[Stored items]
--- START ---

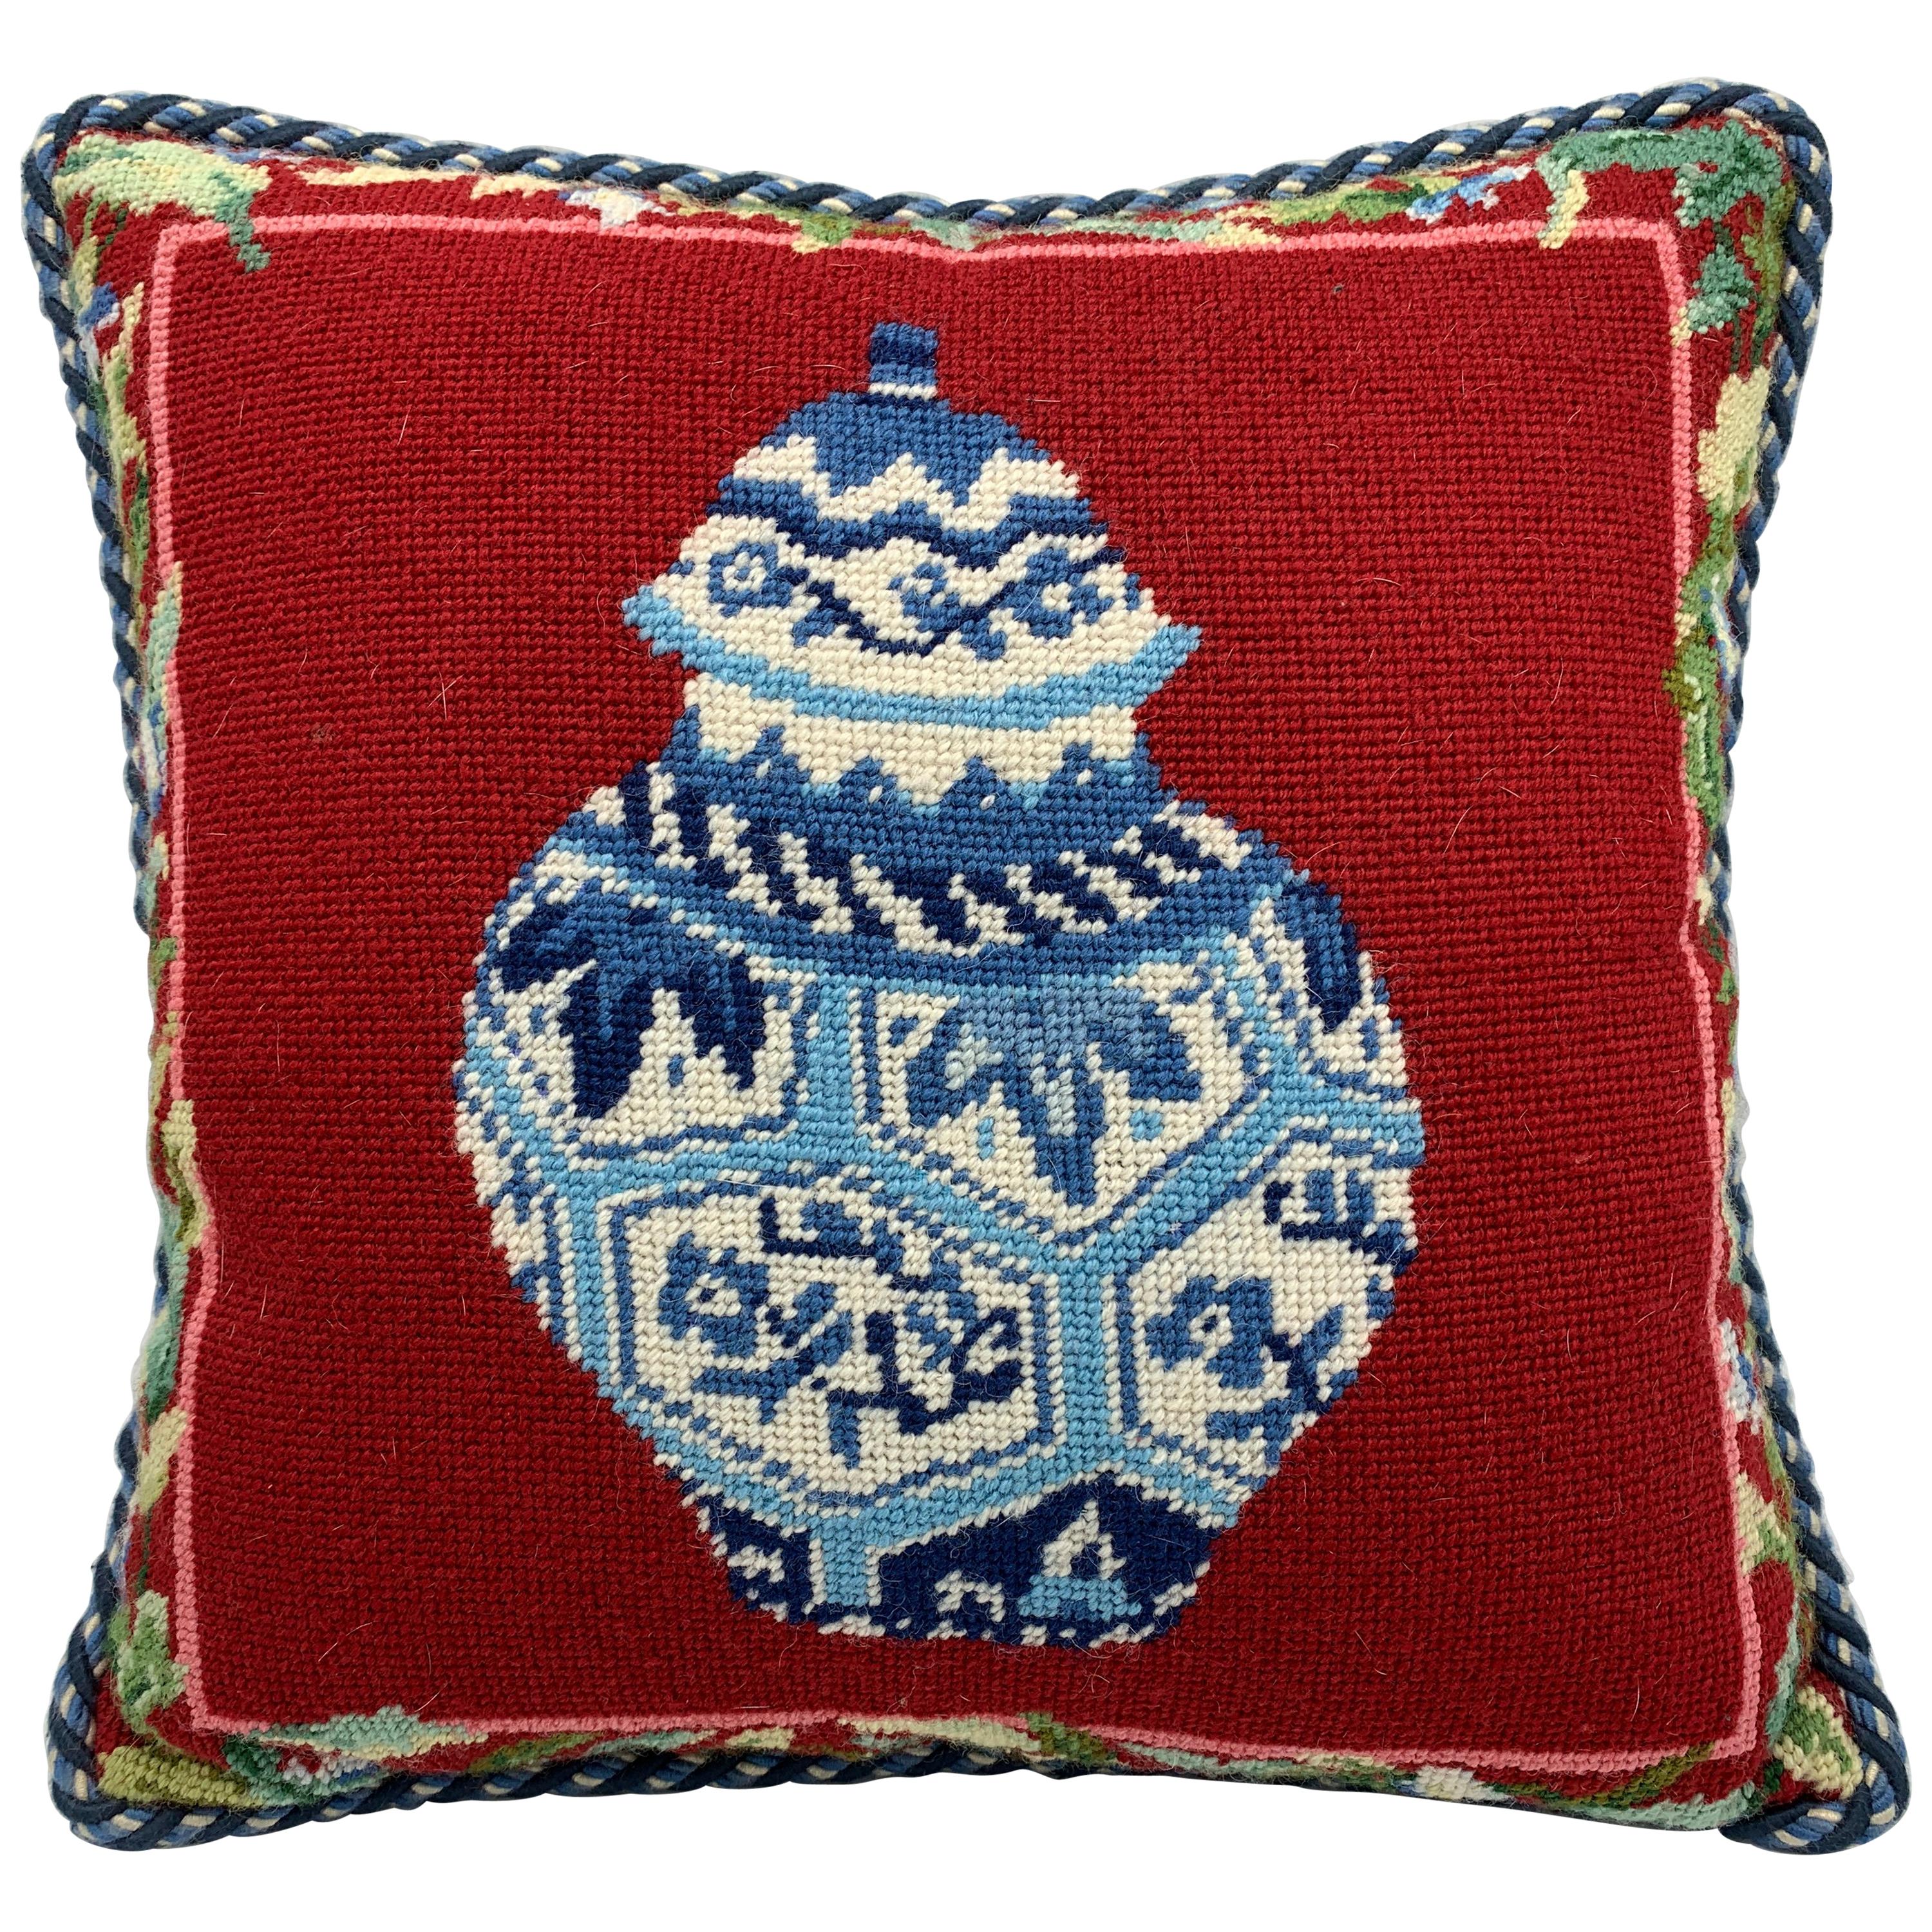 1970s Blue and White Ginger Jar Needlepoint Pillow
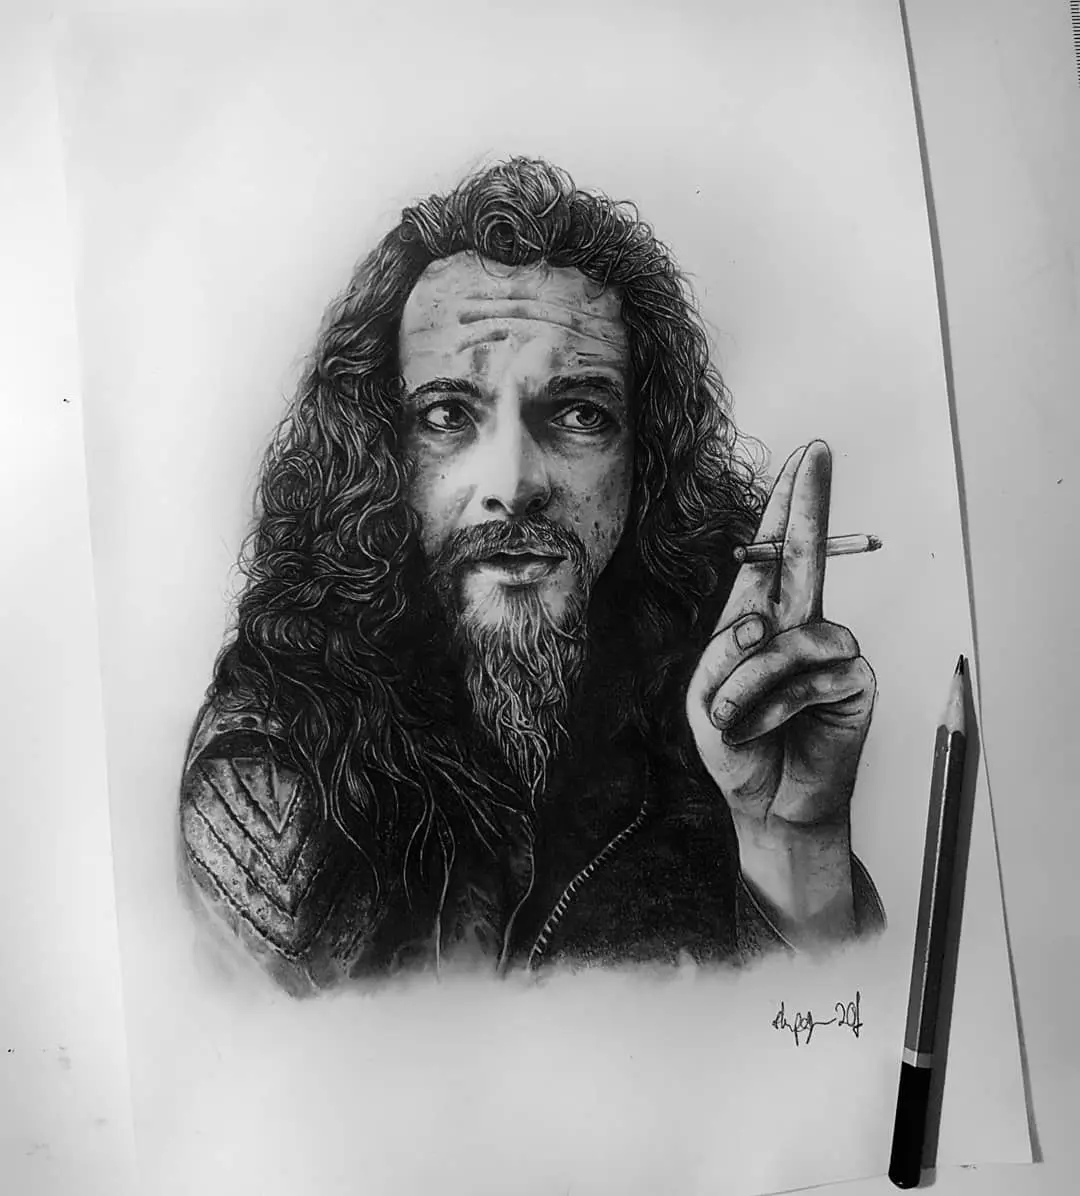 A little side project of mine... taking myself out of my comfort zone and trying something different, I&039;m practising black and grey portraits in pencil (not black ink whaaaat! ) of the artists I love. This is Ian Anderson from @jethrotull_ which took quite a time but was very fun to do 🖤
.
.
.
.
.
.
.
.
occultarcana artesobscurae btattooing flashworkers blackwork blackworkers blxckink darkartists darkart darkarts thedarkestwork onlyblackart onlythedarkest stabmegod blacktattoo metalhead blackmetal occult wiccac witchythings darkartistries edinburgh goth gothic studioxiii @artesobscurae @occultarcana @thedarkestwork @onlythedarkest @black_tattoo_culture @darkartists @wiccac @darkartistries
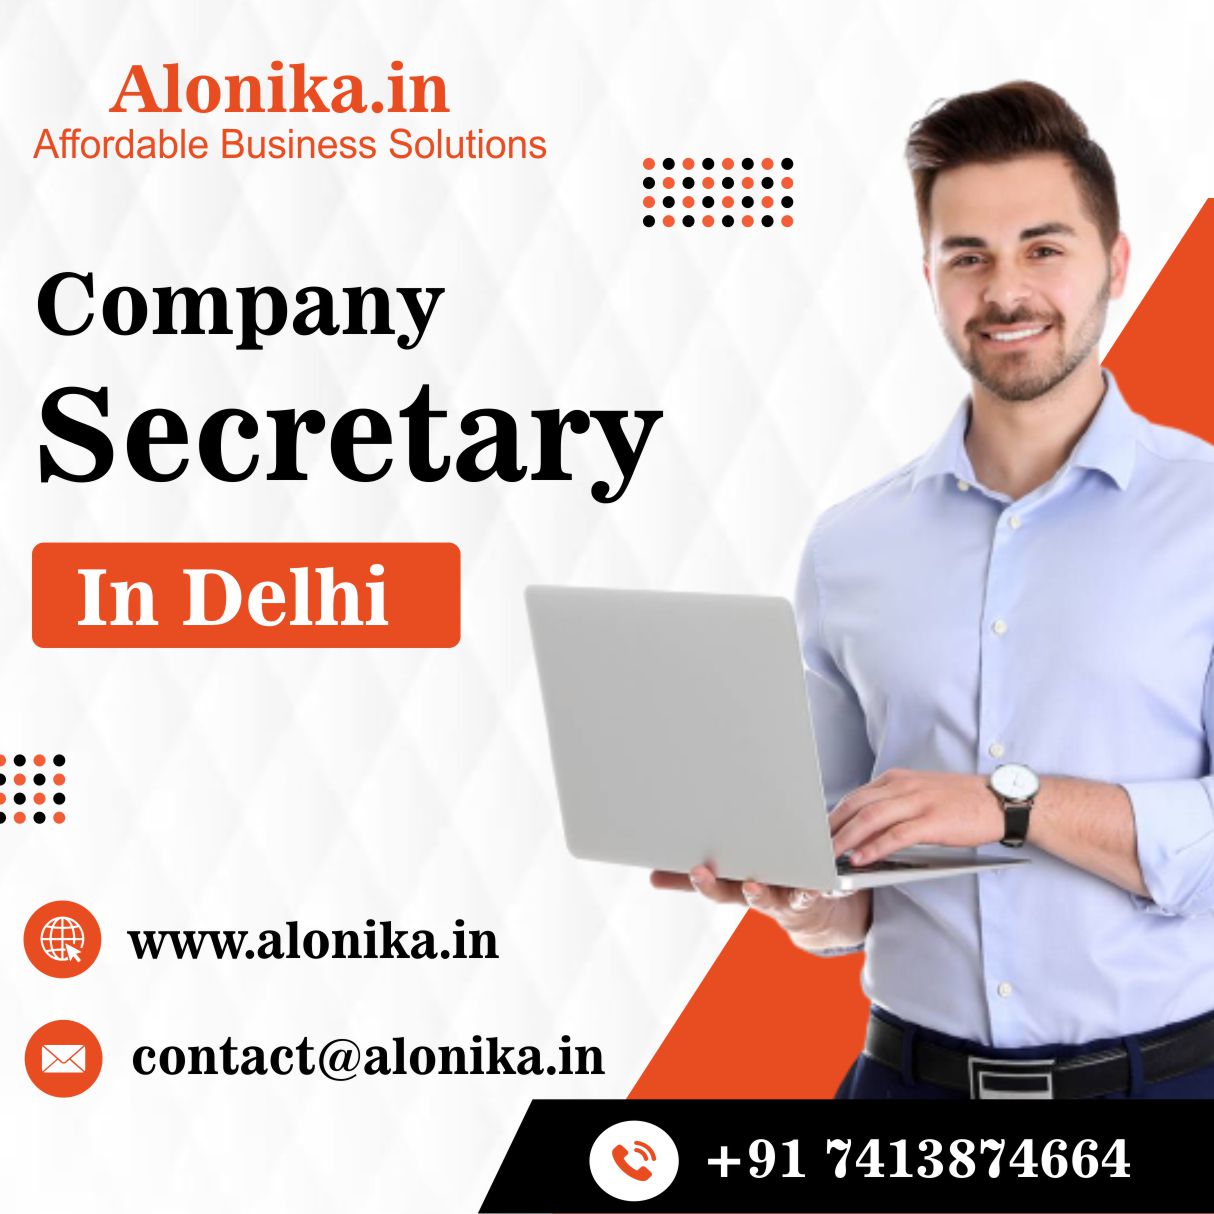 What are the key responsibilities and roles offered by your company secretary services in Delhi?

--- END ---

WORK TO COMPLETE:
Reproduce every entry exactly; images stay out.

EXERCISE RESPONSE:
 1970s Blue and White Ginger Jar Needlepoint Pillow
 A little side project of mine... taking myself out of my comfort zone and trying something different, I&039;m practising black and grey portraits in pencil (not black ink whaaaat! ) of the artists I love. This is Ian Anderson from @jethrotull_ which took quite a time but was very fun to do 🖤
.
.
.
.
.
.
.
.
occultarcana artesobscurae btattooing flashworkers blackwork blackworkers blxckink darkartists darkart darkarts thedarkestwork onlyblackart onlythedarkest stabmegod blacktattoo metalhead blackmetal occult wiccac witchythings darkartistries edinburgh goth gothic studioxiii @artesobscurae @occultarcana @thedarkestwork @onlythedarkest @black_tattoo_culture @darkartists @wiccac @darkartistries
 What are the key responsibilities and roles offered by your company secretary services in Delhi?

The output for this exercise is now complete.